The Specter of US meddling in Asian Affairs

g-cvr-131126-b52-bomber-jsw-124p.photoblog600

It’s only almost a year since America declared its policy of pivoting its messy militaristic adventure to Asia, and now we have news that it sent two B-52 strategic bombers over the disputed islands between China and Japan.

The flyovers, which is ‘part of a regular military exercise’ to the region, comes at a perfect time as China declares more control of the region, with a November 25 announcement that aircraft flying over the disputed territory must submit flight plans and communicate with Chinese aviation authorities via an air defense identification zone (ADIZ) policy.

Only in the course of a day the US expressed its dismay. In this most recent unarmed bomber aircraft patrol, Pentagon spokesman Steve Warren told Reuters “we have conducted operations in the area of the Senkakus (Japan’s name for the disputed islands). We have continued to follow our normal procedures, which include not filing flight plans, not radioing ahead and not registering our frequencies.”

The arrogant announcement comes after Kerry’s rhetoric that China’s new controls over the airspace “constitutes and attempt to change the status quo in the East China Sea. Escalatory action will only increase tensions in the region and create risks of an incident.” US Defense Secretary Chuck Hagel was quoted as saying the Chinese announcement “will not in any way change how the United States conducts military operations in the region.”

Only America calls the shots anywhere in the world

Never minding the sovereignty of other countries, where the US comes in, trouble and tensions comes out. Regardless of where US troops are stationed in the area (South Korea, Japan, Philippines, Australia), clearly the US is over-extending its military to show Beijing who’s the ‘police of the world.’

Clearly this dispute over the Senkaku/Diaoyu islands is a matter two sovereign nations must settle themselves, without the meddling of a third party. Such is the case with the Philippines, with the South China Sea, where the tiny island nation plays puppet to the US’s aggressive military policy in the area.

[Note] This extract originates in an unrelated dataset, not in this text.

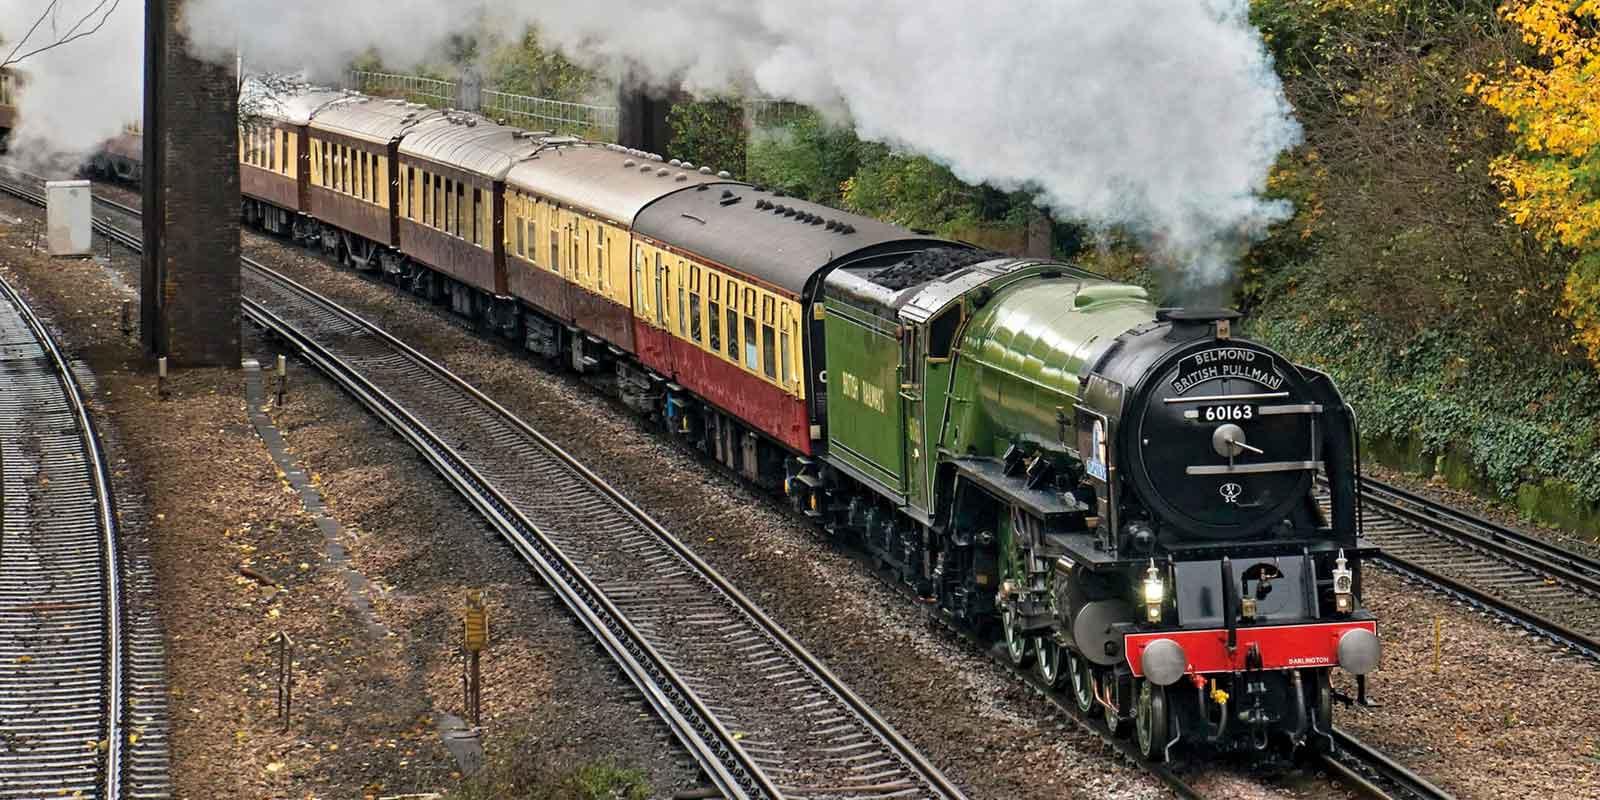 Stratford-Upon-Avon by Steam
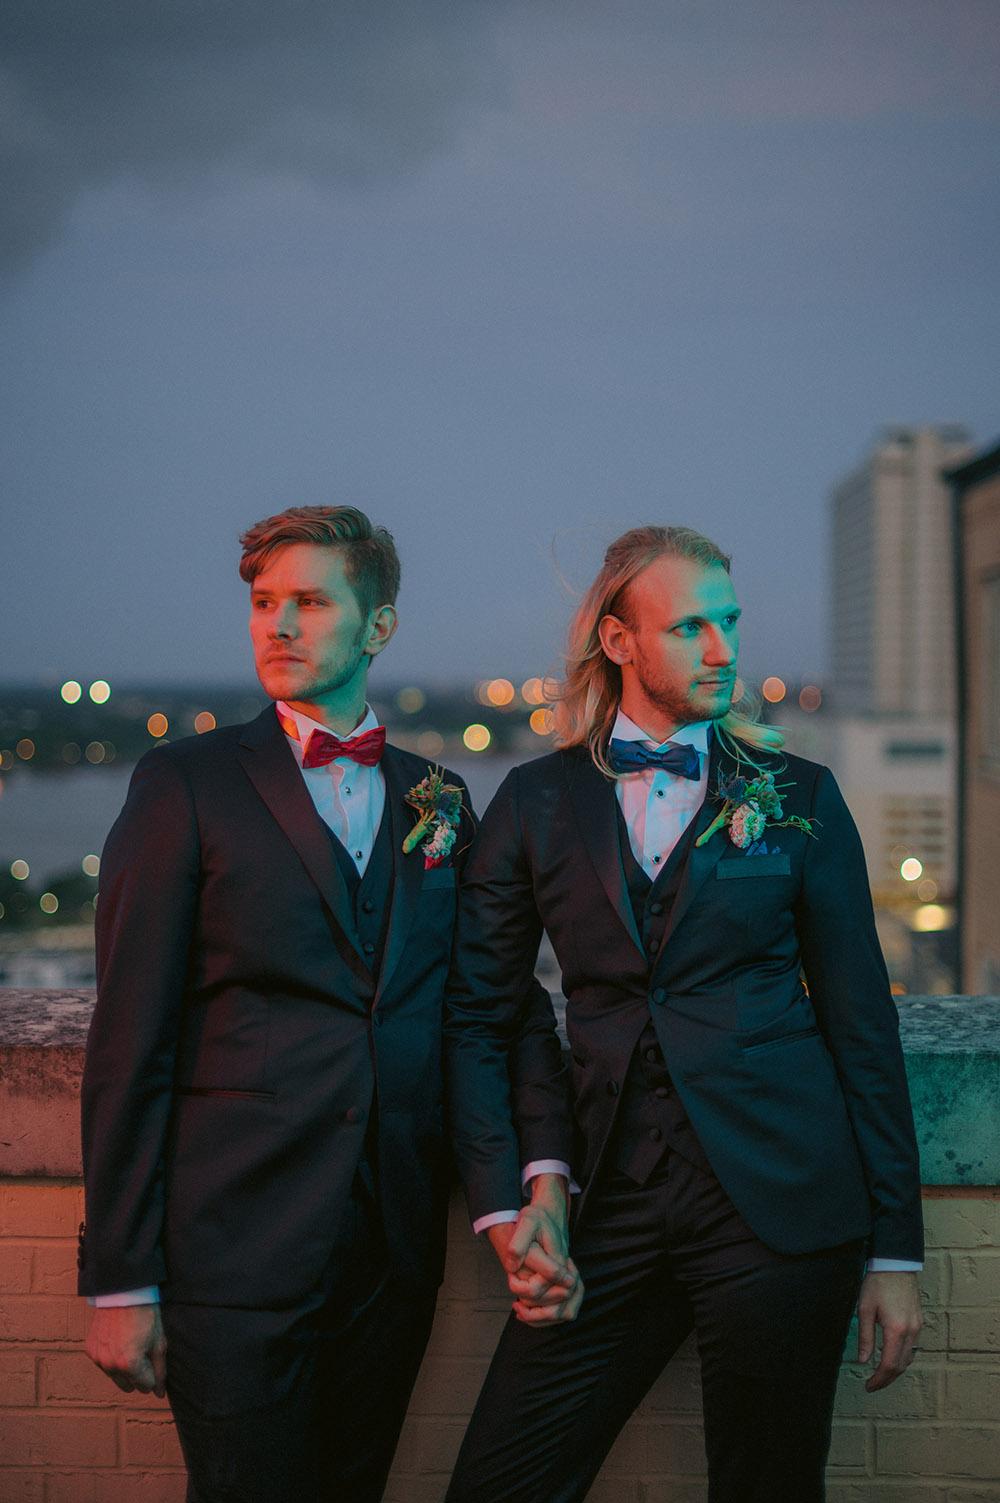 Wedding color groom portrait

What these smaller nations fail to know is their role in playing the chess game for America’s larger pivot to Asia policy. It’s a win-win situation overall, let these countries fall prey to US manipulation against China while not committing too much military resources and increased arms sales.

It is almost foolish for these satellite countries to be slave to American policy by projecting a harder unilateral stance against Beijing in the form of ‘territorial disputes’, not knowing they themselves are in more trouble when the situation in the area escalates to open hostility.

US encourages Japanese remilitarization for the sake of containing China

The Chinese reaction and increased patrol in the area comes after recent Japanese provocation.

Ever since the arrests of Chinese fishermen in 2010 and last year’s purchase by the Japanese government of the islands (knowing well they are disputed territory) , China’s actions can be seen more as a reaction to these American-backed provocations.

The international media is replete with the usual suspect keywords of ‘an aggressive China’ for seeking to ‘change the status quo’ against ‘aggrieved’ neighboring countries. Many fail to see through the news. It can be remembered that just last year, the US increased its military forces in Australia and conducted ever-larger military exercises in the region to intimidate and contain China’s influence. The more recent announcement that US military troops will stay in Afghanistan beyond 2020 (despite Obama’s promise to remove them in 2014) is suspect enough since the country shares a border with China.

What the US fails to realize is the scale of its bullying in the region. Just last week, it concluded a mammoth military exercise with Japan which involved 34,000 troops and 350 warplanes, focusing on how to defeat Chinese anti-ship capabilities and a naval blockade to cripple China’s economy once a conflict breaks out. Sadly, we can only refer to the American reaction to Soviet troops stationed in Cuba half a century ago. Can anyone remind America what it feels like to have gargantuan military buildups and war exercise performed in their own backyard?